Доктор, наконец, сориентировался. Здесь жил Уилф Мюррей. Понятно, почему в доме столько народу. Уилф – отличный рассказчик, источник вдохновения для всех остальных рассказчиков в городе. Старикану было никак не меньше восьмидесяти, но он сам заготавливал себе дрова и делал плоскодонки, да такие, что их приезжали покупать со всего района. В этом деле Уилфу не было равных. Даже в самые лучшие времена сюда рекой стекался народ, чтобы послушать, как Мюррей травит байки.
Томпсон поставил машину сразу за серым фургоном. Несколько автомобилей стояли вдоль обочин дорога, на дорожке перед домом негде было повернуться. Томпсон по привычке потянулся было к своему чемоданчику, но решил, что это ни к чему, и вышел из машины. Чего зря сумку таскать? В животе забурчало. Доктор вспомнил, что у него с собой есть таблетки. Вот только какую принять? И, кстати, что за рецепт надо выписать, чтобы исправить сюрреалистическую ситуацию в городе? Доктор надеялся, что миссис Мюррей уже приготовила воскресный ужин. Нет, электричества-то нету. С другой стороны, у них, вроде, имеется старая дровяная плита на кухне. Мюррей так и не озаботились покупкой современной техники, они сознательно не пользовались плодами прогресса. В последний раз Томпсон был здесь, когда на Уилфа напал тяжелый приступ подагры. В тот раз доктор победил, и подагре пришлось отступиться от старика.

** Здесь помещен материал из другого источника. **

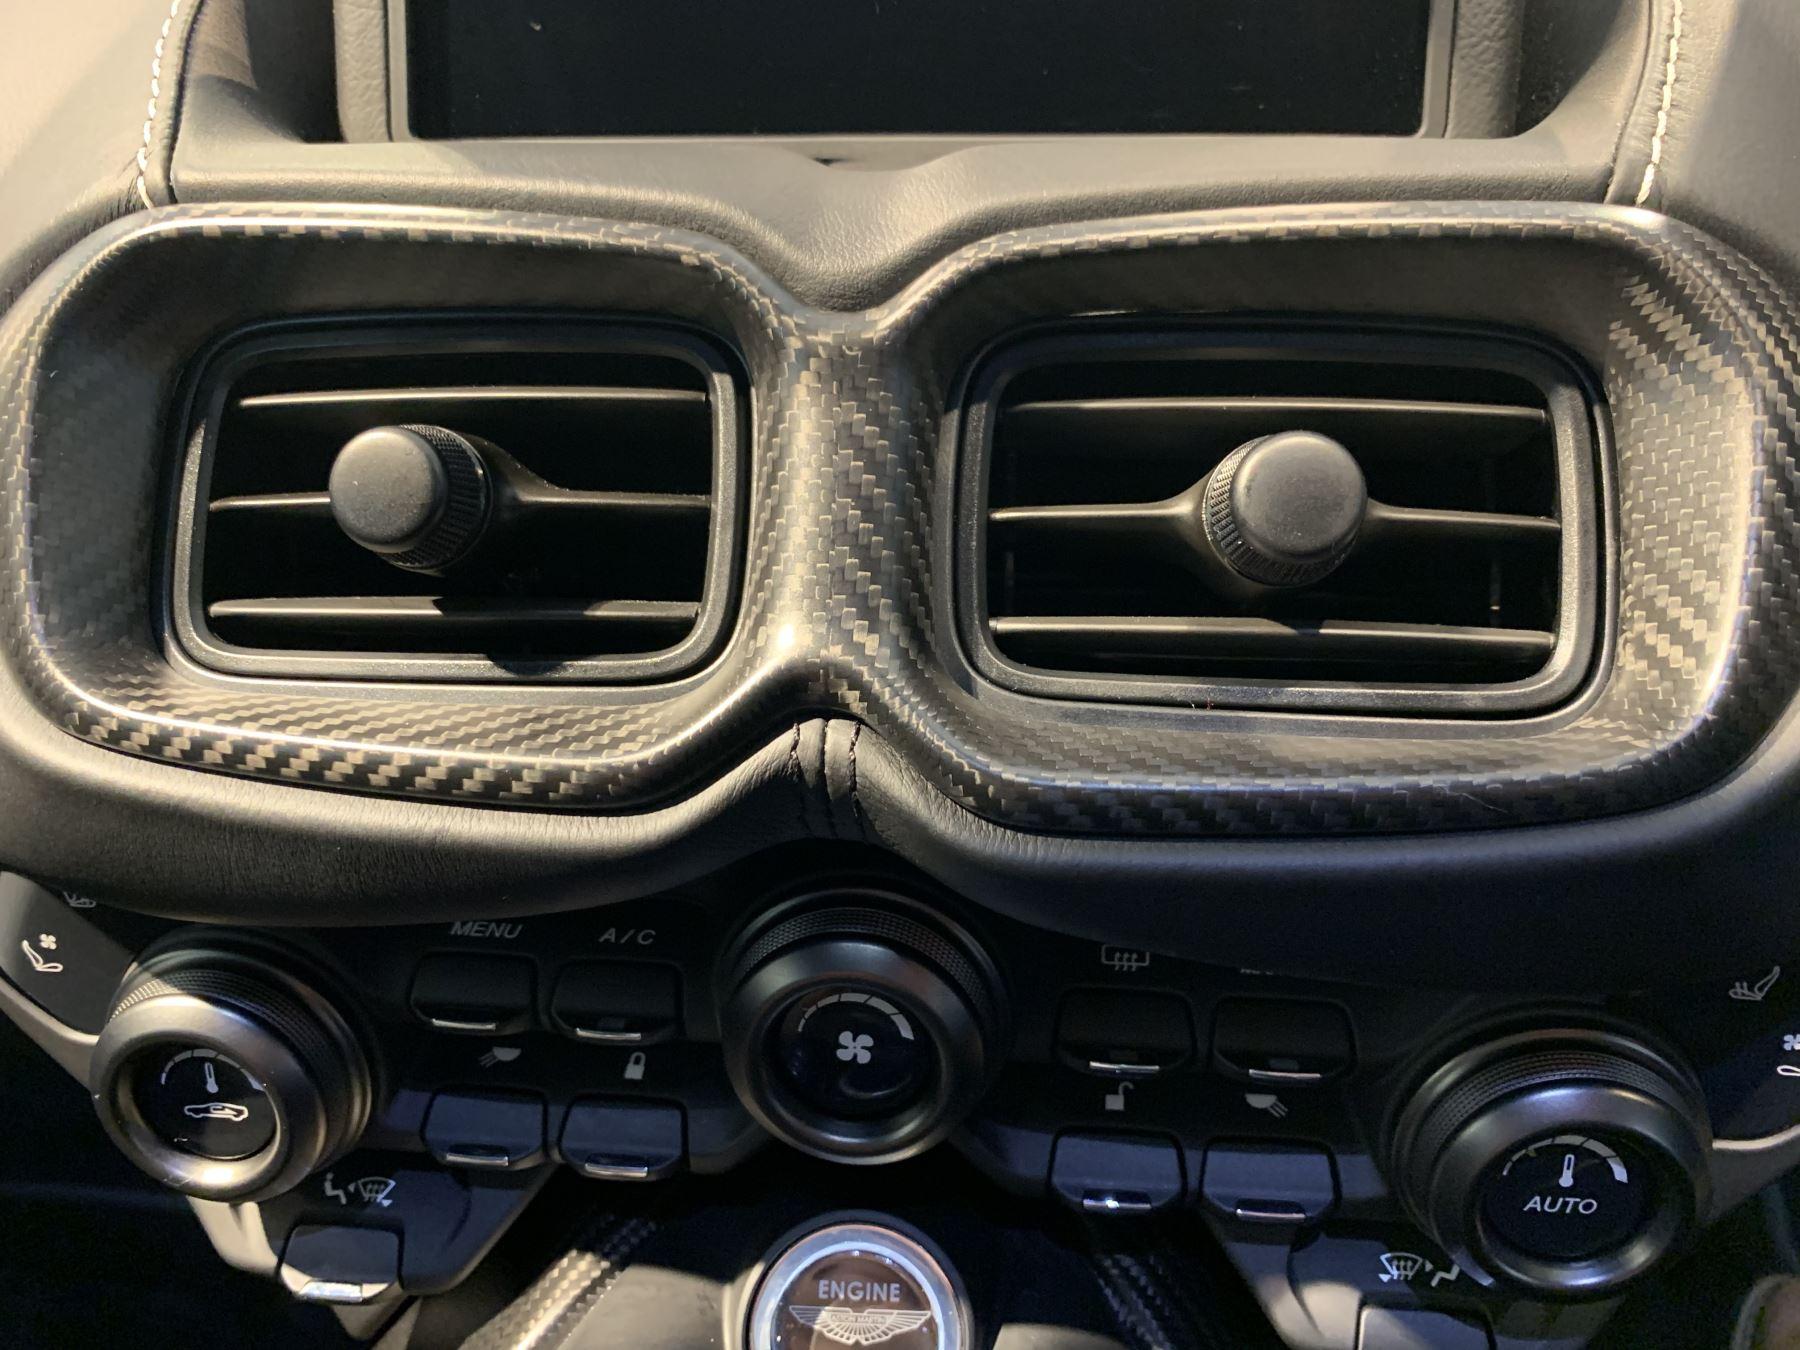 Aston Martin New Vantage 2dr ZF 8 Speed image 28

Томпсон заковылял по дорожке. Он шагнул в круг света от керосиновой лампы, ее повесили за крючок на ветку дерева, с доктором здоровались, ему кивали: «Здравствуйте, док», «Доброго вечера, док».

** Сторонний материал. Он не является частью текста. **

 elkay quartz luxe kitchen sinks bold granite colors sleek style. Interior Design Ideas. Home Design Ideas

Томпсон ответил на приветствия и на минуту остановился, чтобы еще раз взглянуть на залив. На западе занялось зарево, утес ненадолго стал малиновым. За спиной врача открылась дверь, он отступил, пропуская кого-то вперед. Стало слышно, что в доме звенят посудой и разговаривают. Томпсон заметно приободрился. Он шагнул через порог и вытер ноги о коврик в прихожей, потом с трудом согнулся, чтобы развязать шнурки, живот сразу сдавил легкие, над ухом раздался взволнованный голос:
– Не вздумайте разуваться. У нас тут за день целый табун побывал.
Врач поднял голову. Миссис Мюррей стояла прямо перед ним, лицо ее было полным и розовощеким. Она была в простом синем платье, поверх которого повязала передник с вышитым большим красным омаром. За ее спиной наперегонки промчались трое детишек, они, громко топая, взлетели по ступеням лестницы, сверху раздались счастливые вопли.